The name comes from Paeon, physician to the gods of ancient Greece. In those days, peony roots were used as a drug to ease childbirth. Today, we grow them mainly for their magnificent flowers.

Peonies are native to Europe and Asia. One, Paeonia mascula grows wild in Britain, but only on Steep Holm and Flat Holm; islands in the Bristol Channel.

Most are herbaceous, dying back in winter. But Chinese ‘tree peonies’ are rather gawky shrubs bearing enormous flowers. Despite their drama, flowering is brief. Herbaceous peonies have more to offer.

aloha: Large Peony lactiflora Pink Hawaiian bears fragrant coral pink flowers

Many develop superb foliage and a few even look good in autumn. Others bring focus to a mixed border with large, often fragrant summer flowers. The finest varieties, developed from Paeonia lactiflora also make excellent cut flowers.

Native to China and Tibet, wild P. lactiflora has copperybacked leaves and tall stems carrying large, single white flowers. The single whiteflowered variety White Wings is closest to its wild forebear. 

PRETTY IN PINK 

Fancy lactiflora varieties include Pink Hawaiian with fragrant coral blooms and Bowl of Beauty whose pink outer petals surround tufty cream centres.

Double-flowered Sarah Bernhardt is silvery pink, whereas the big double blooms of Adolphe Rousseau are deep, brooding red. Intersectional or Itoh peonies are a more recent introduction. Part tree-peony, part herbaceous, their large flowers come in a wider colour range.

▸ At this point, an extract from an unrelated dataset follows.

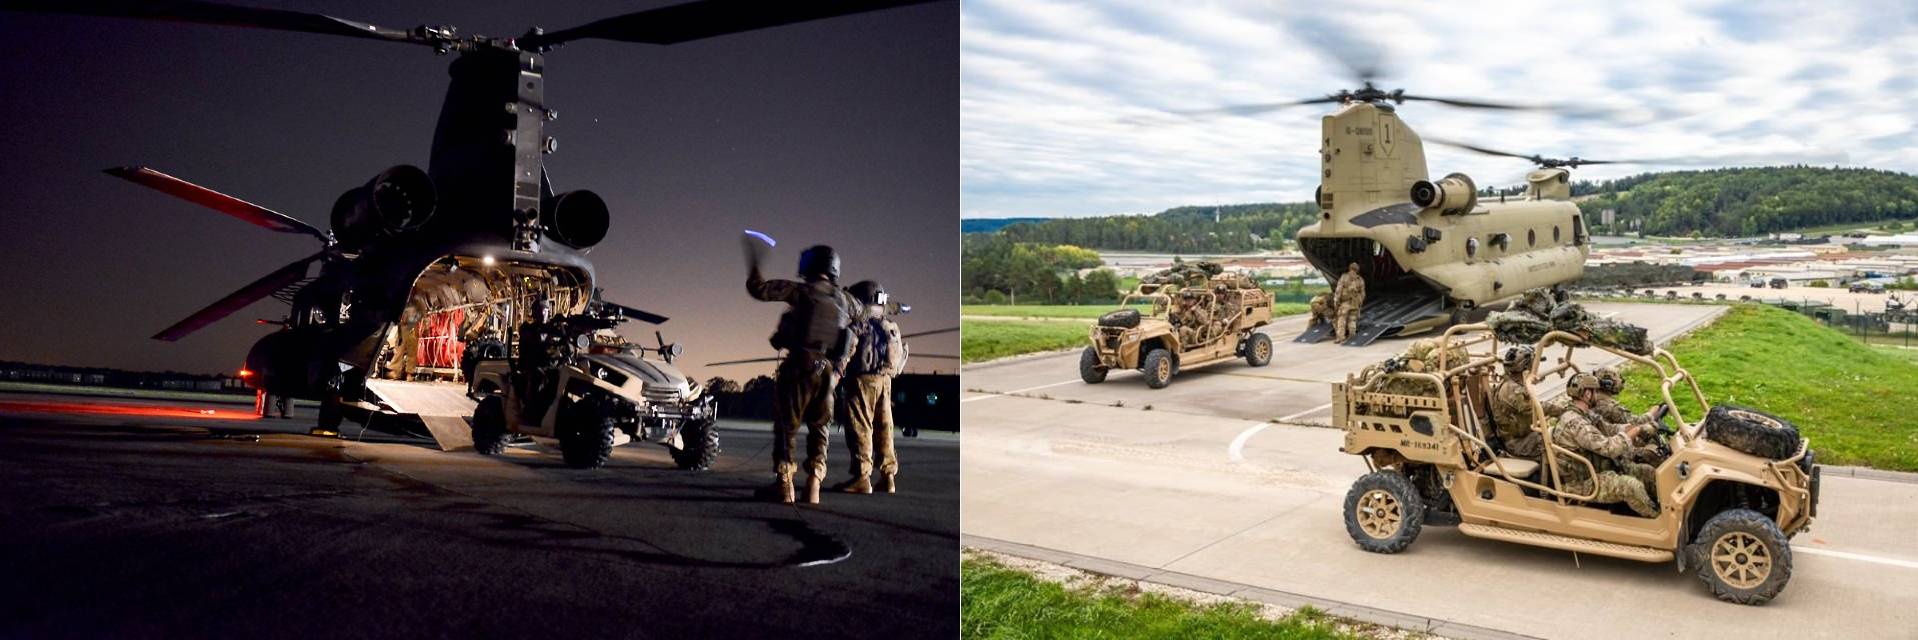 각종 차량을 활용하는 특수작전의 기동화 경향도 MH-47G의 수요를 높이게 되는 계기가 되었다. <출처: USSOCOM, US Army>

They flower for longer than tree peonies and make lovely specimen plants. Claire Austin’s perennial nursery offers Itoh varieties in yellow, salmon, pink and other hues claireaustinhardyplants.co.uk.

Peonies are not exclusive to summer. My favourite, P. mloko- sewitschii, has primose yellow blooms in early May. The young foliage is copper tinted. There’s also an autumn bonus when the triple-podded fruits resemble medieval jester’s hats.

For spring, Majorcan P. cambessedesii grows a modest 30cm high. Blue-green leaves accompany soft pink, single spring flowers. In autumn, their pods also split to display big, glossy black seeds.

The best-known peonies are double-flowered P. officinalis. Wine-red Rubra Plena or deep pink Rosea Superba Plena. 

EASY TO GROW 

Peonies prefer well-drained soil with plenty of organic matter. Most need sun but woodland varieties such as Molly the Witch enjoy sun or gentle shade. Lactiflora peonies are best in sun.

Some double-flowered varieties can be top heavy, so support is essential. I use interlocking Link Stakes, but canes and string work just as well.

They need dividing when the clumps grow old and tired. Each new division should carry at least one plump, dormant bud.

Don’t despair if they don’t sprout. Roots develop first, then a shoot appears the following year with flowers in year three – if you’re lucky.